• _SUPPLIED DATA_:
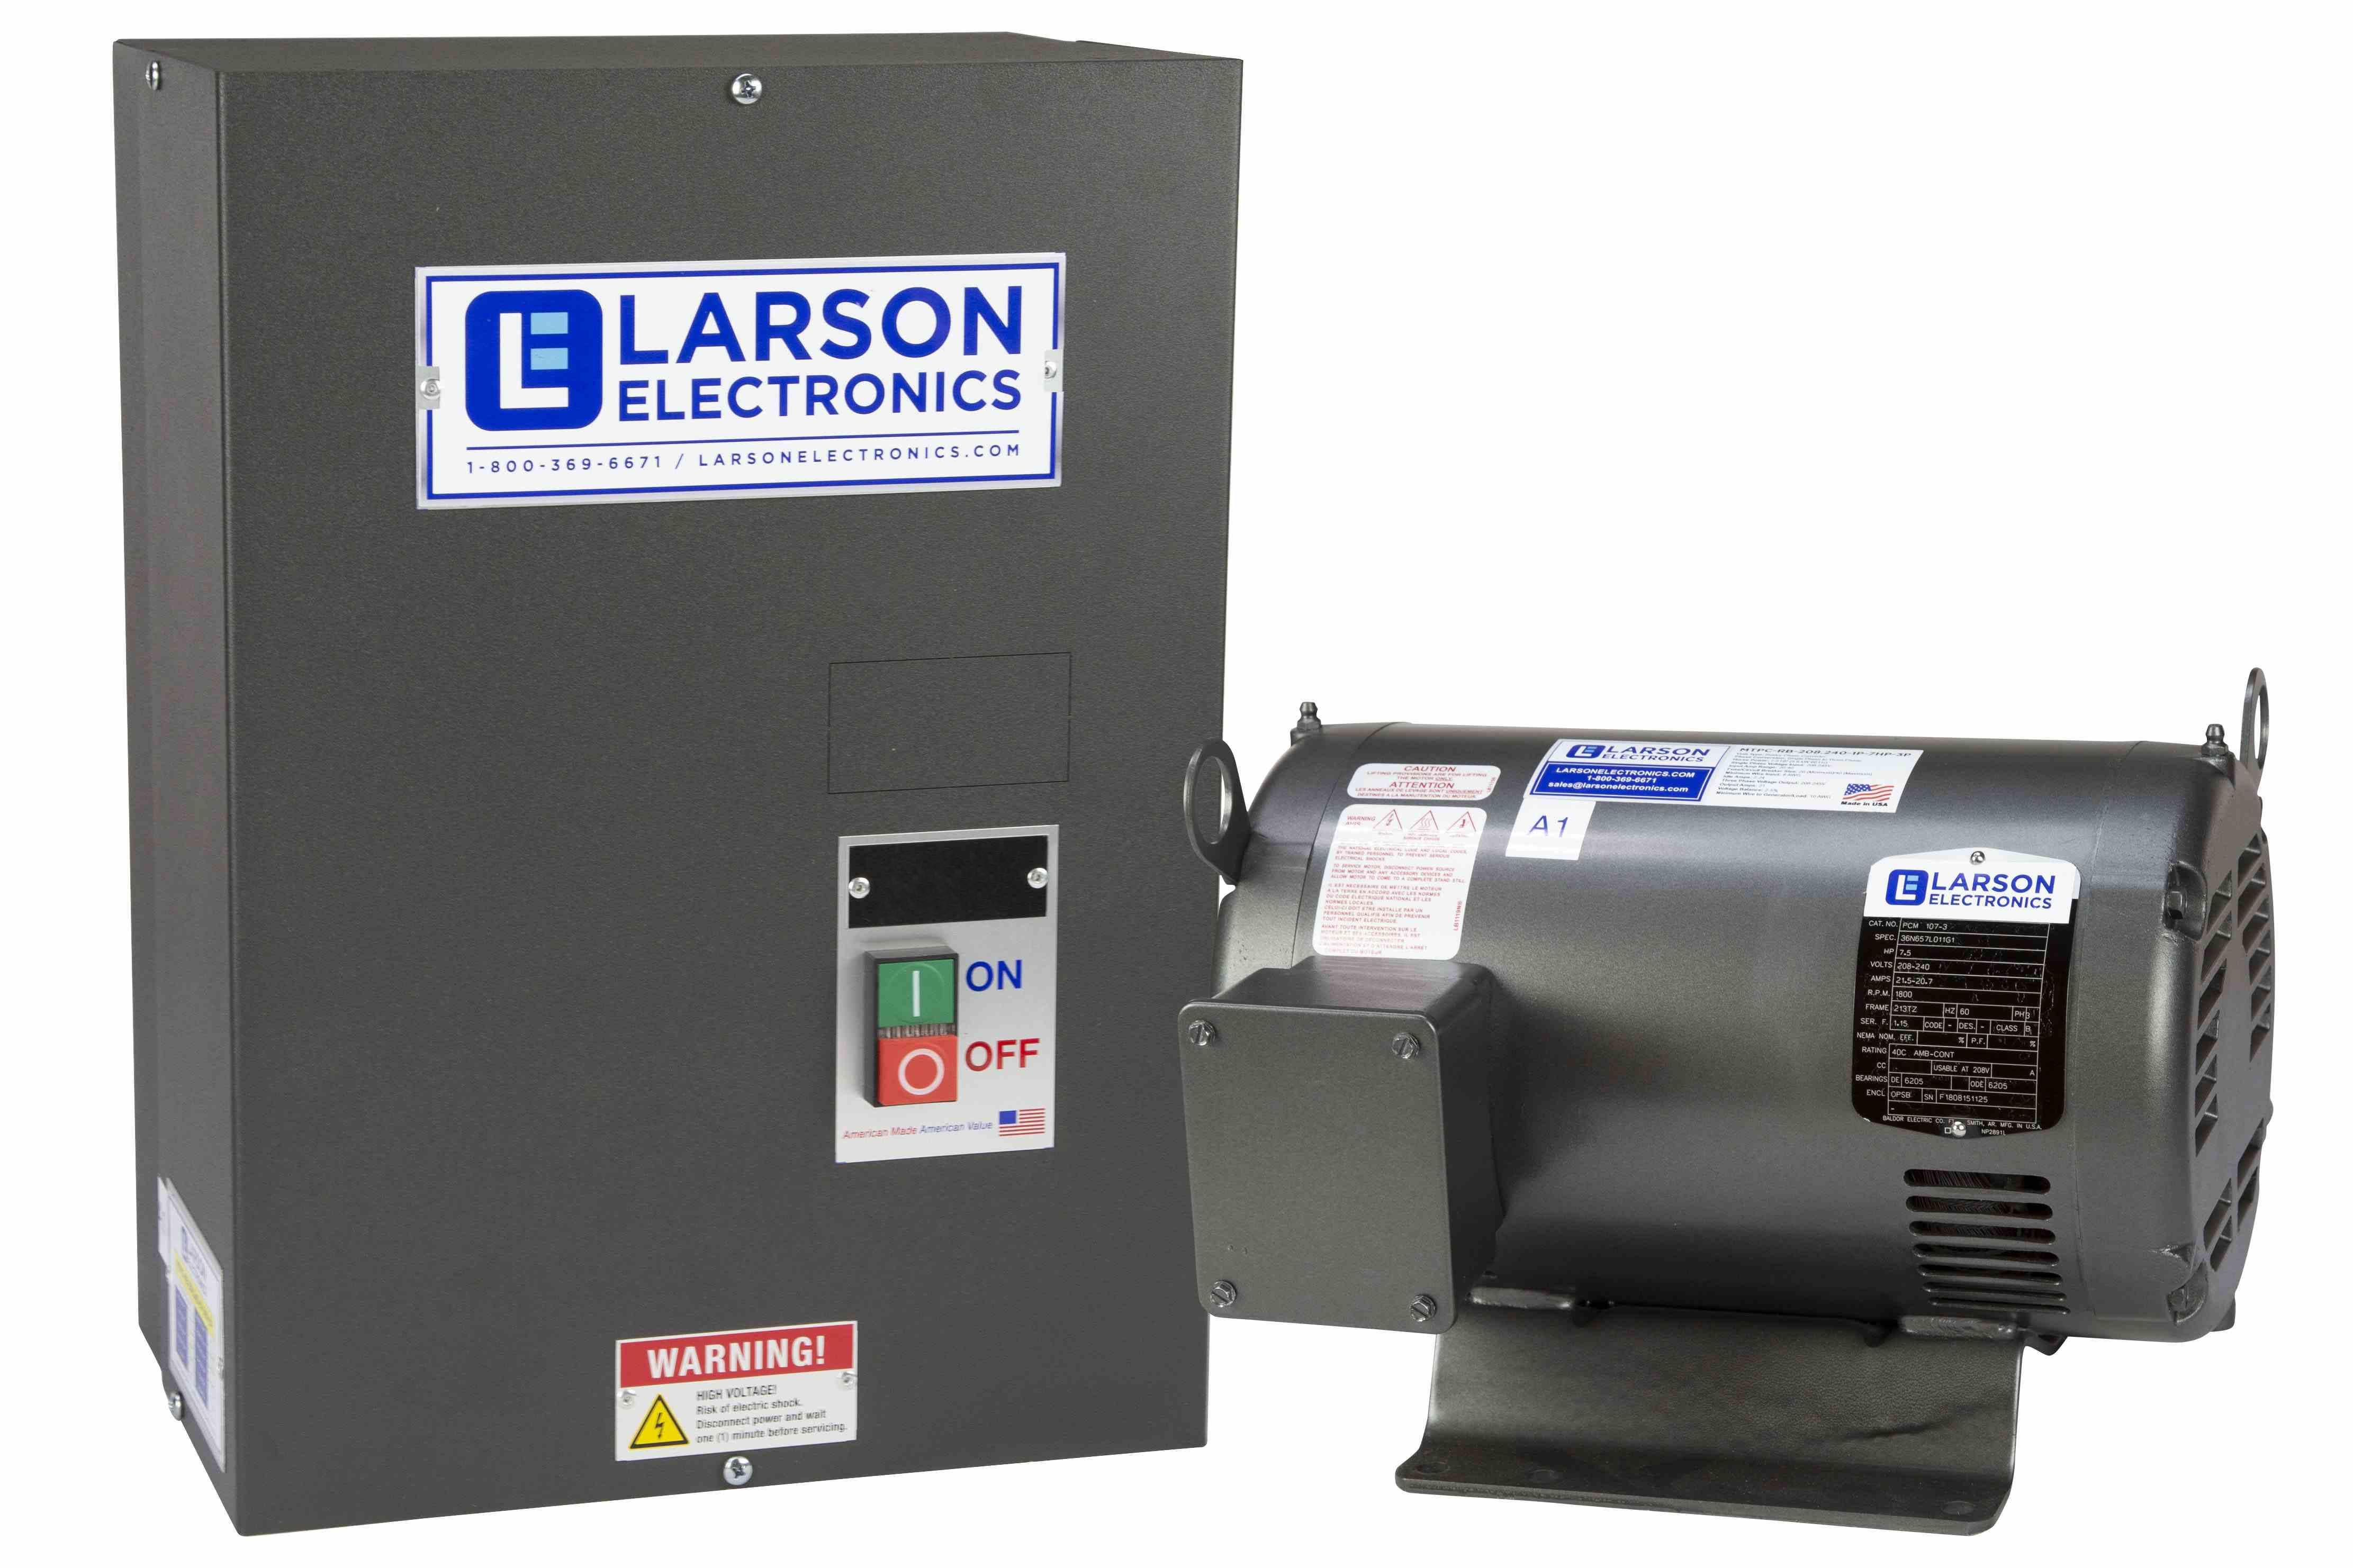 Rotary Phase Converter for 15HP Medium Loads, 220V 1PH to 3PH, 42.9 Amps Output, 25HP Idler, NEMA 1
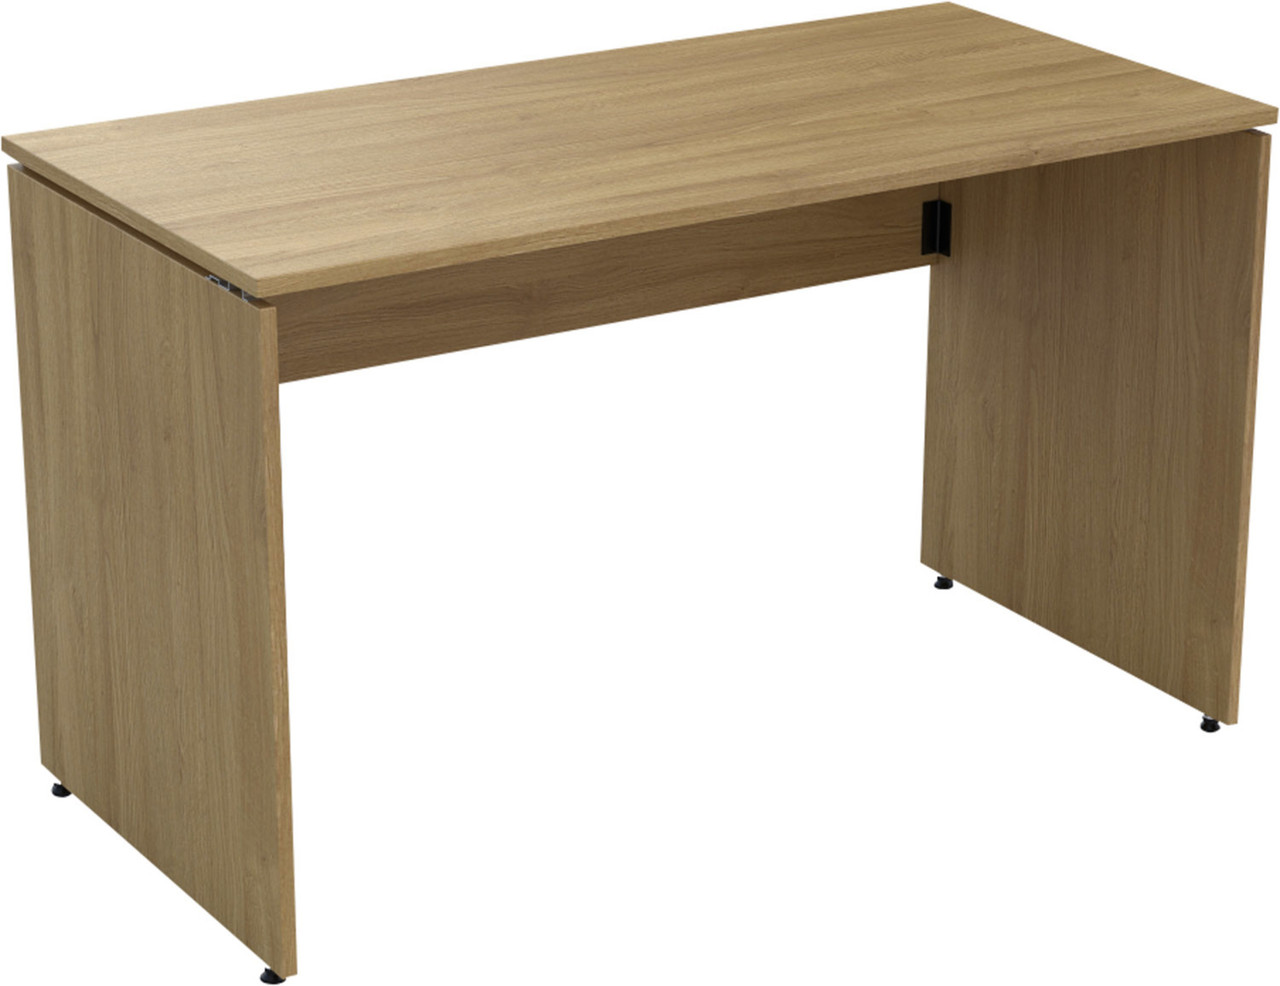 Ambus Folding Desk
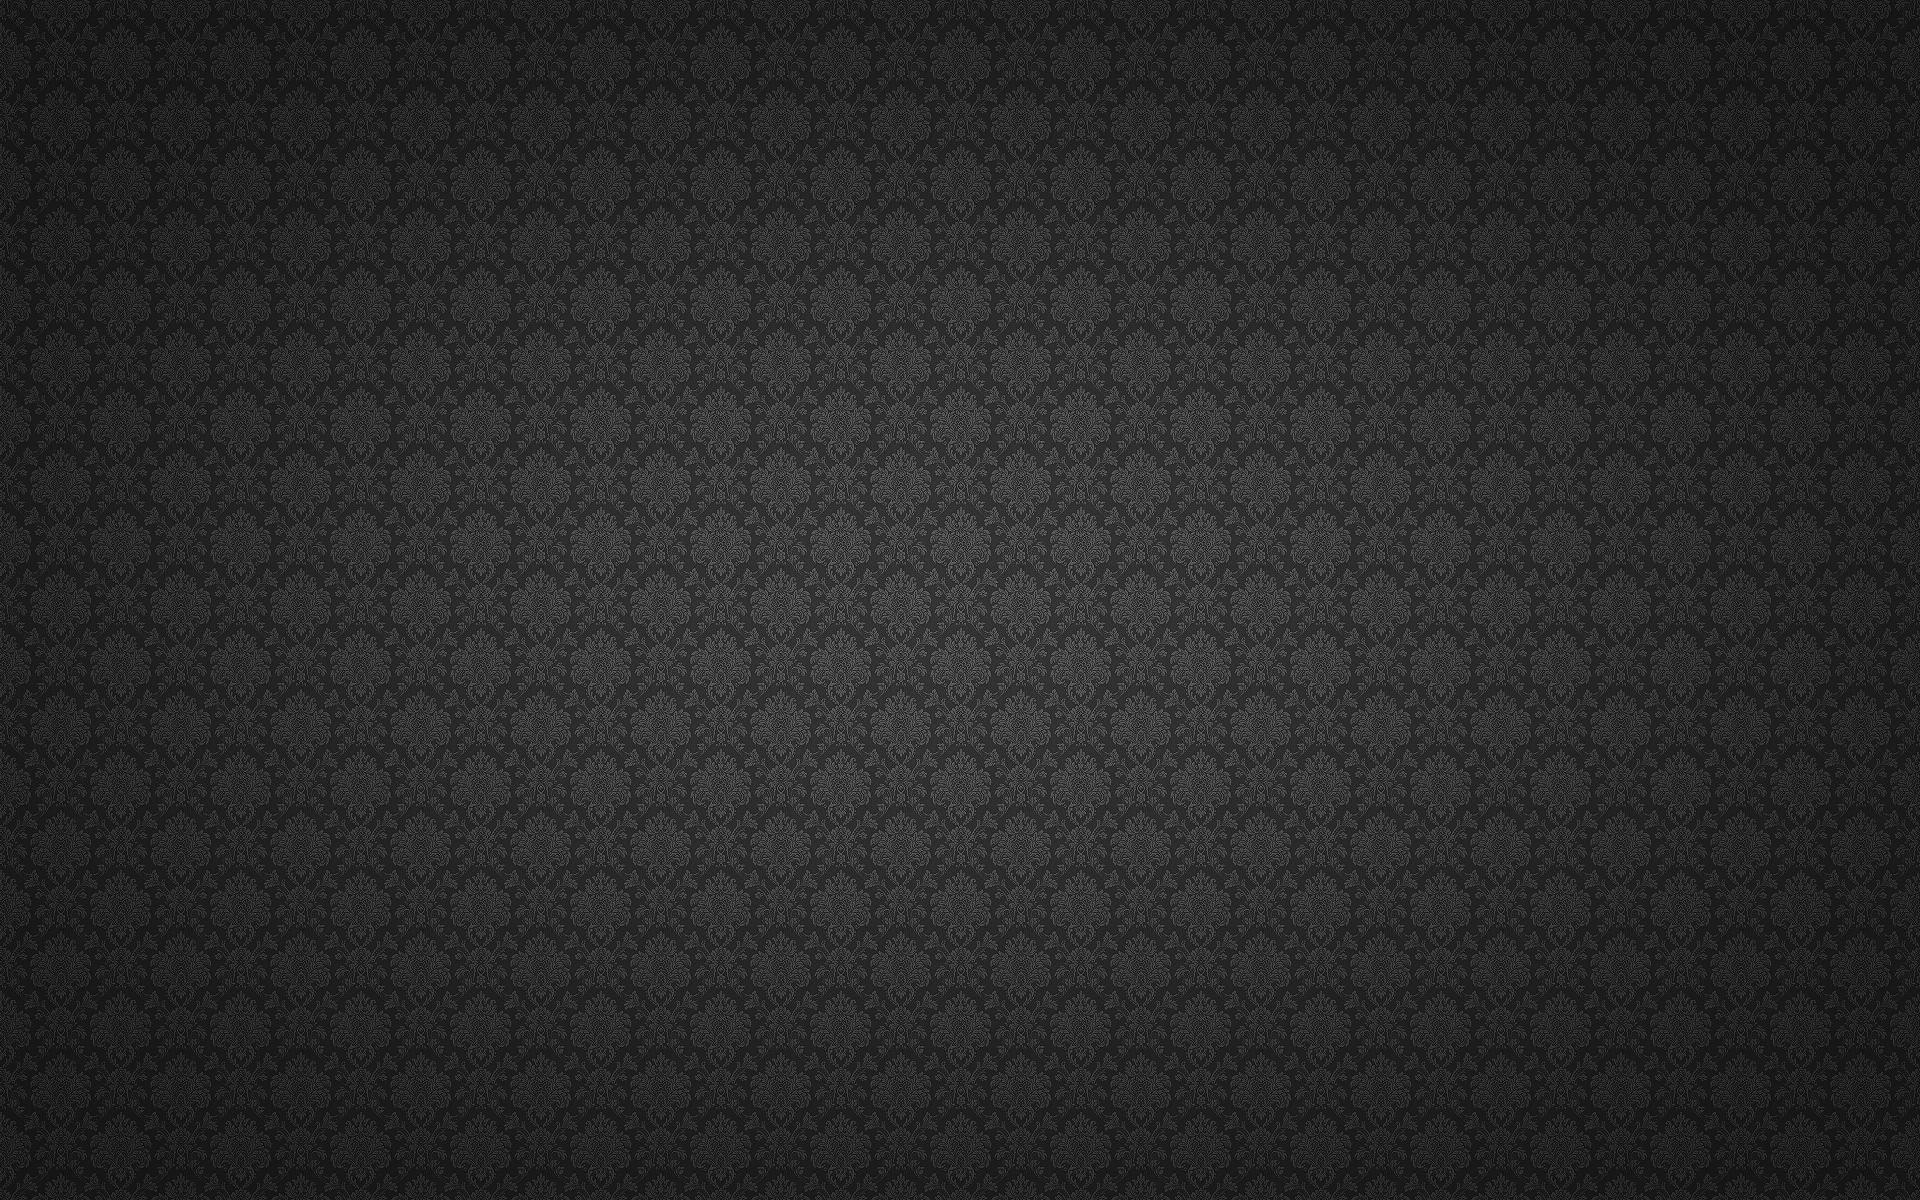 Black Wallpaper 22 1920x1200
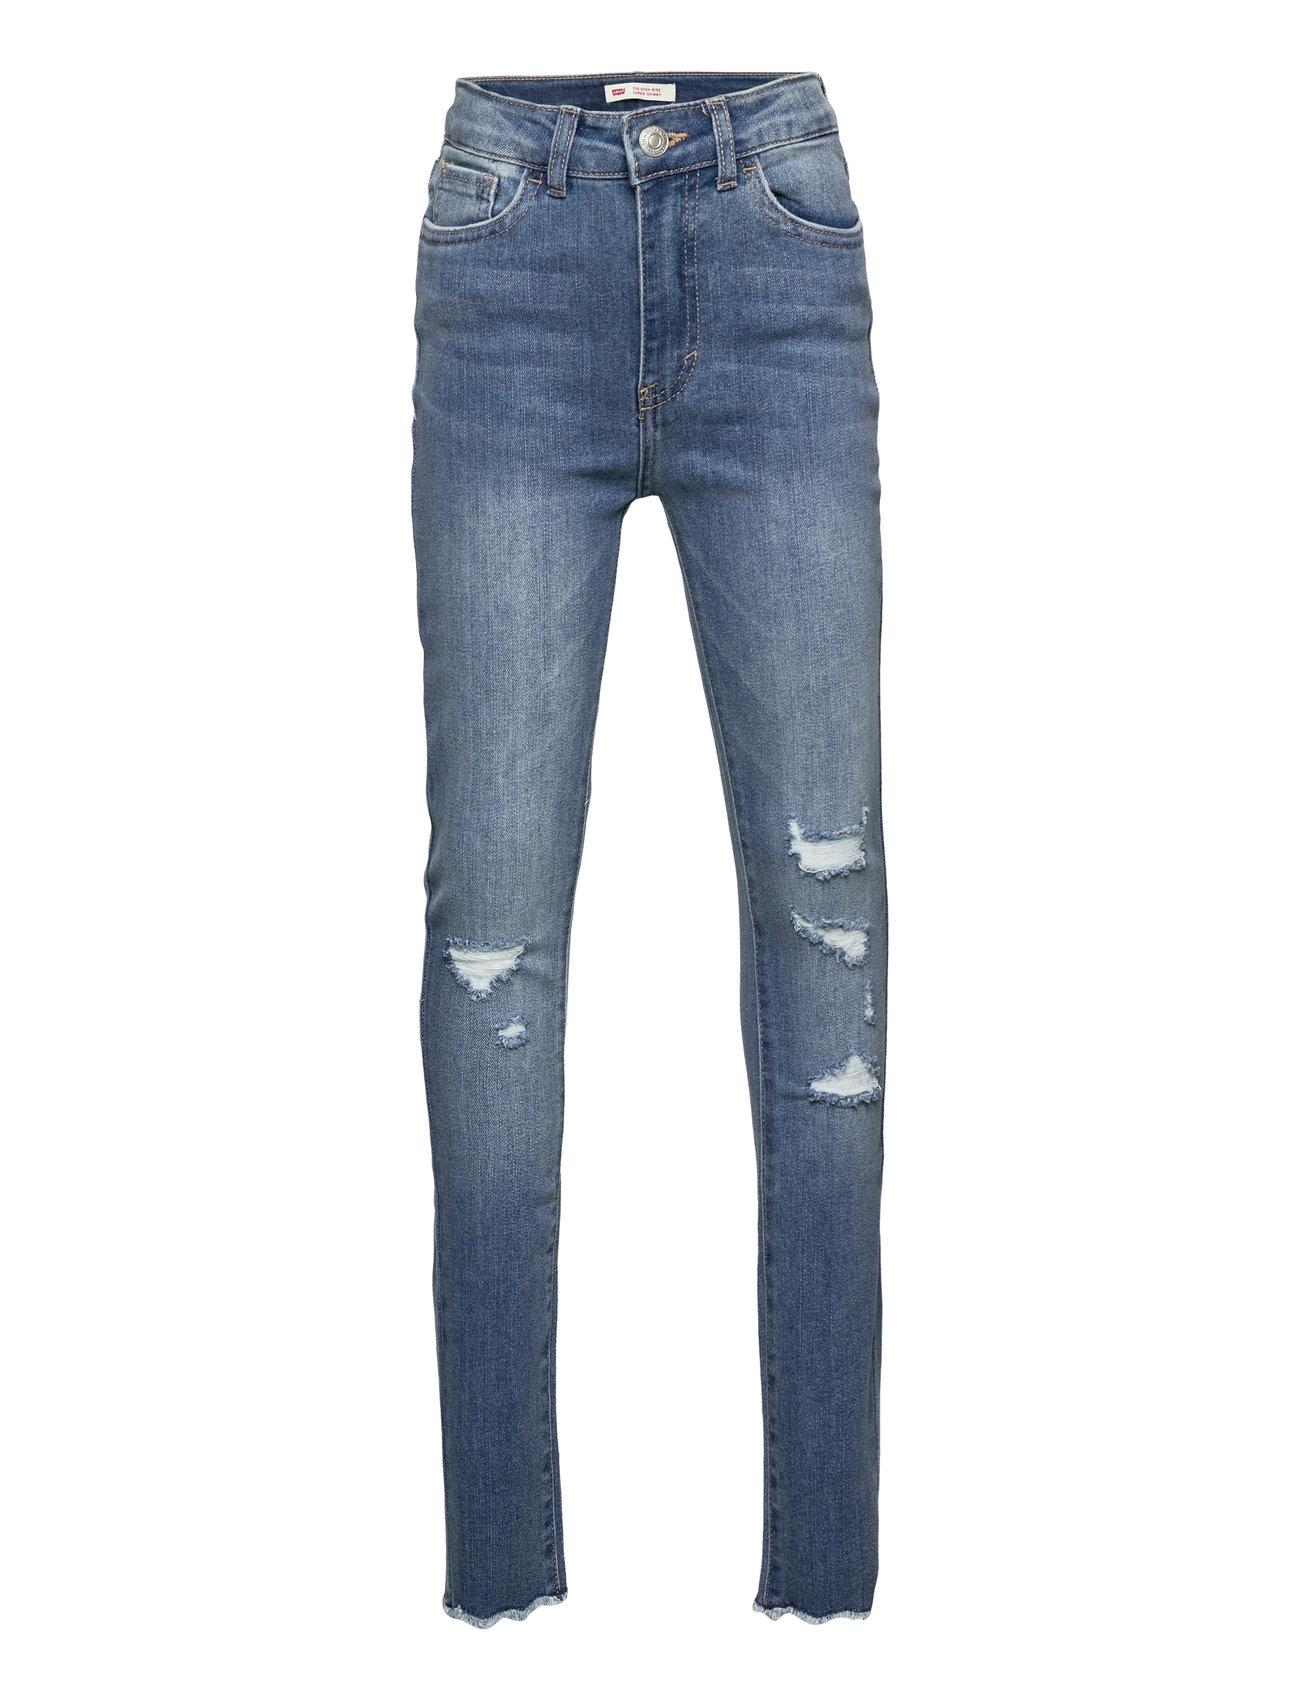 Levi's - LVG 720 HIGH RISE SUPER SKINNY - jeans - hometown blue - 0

• _TASK OBJECTIVE_: Reproduce verbatim every line starting at the line that holds "Ambus Folding Desk" and ending with the final line of the data; omit the pictures.

• _RESPONSE AREA_:
 Ambus Folding Desk
 Black Wallpaper 22 1920x1200
 Levi's - LVG 720 HIGH RISE SUPER SKINNY - jeans - hometown blue - 0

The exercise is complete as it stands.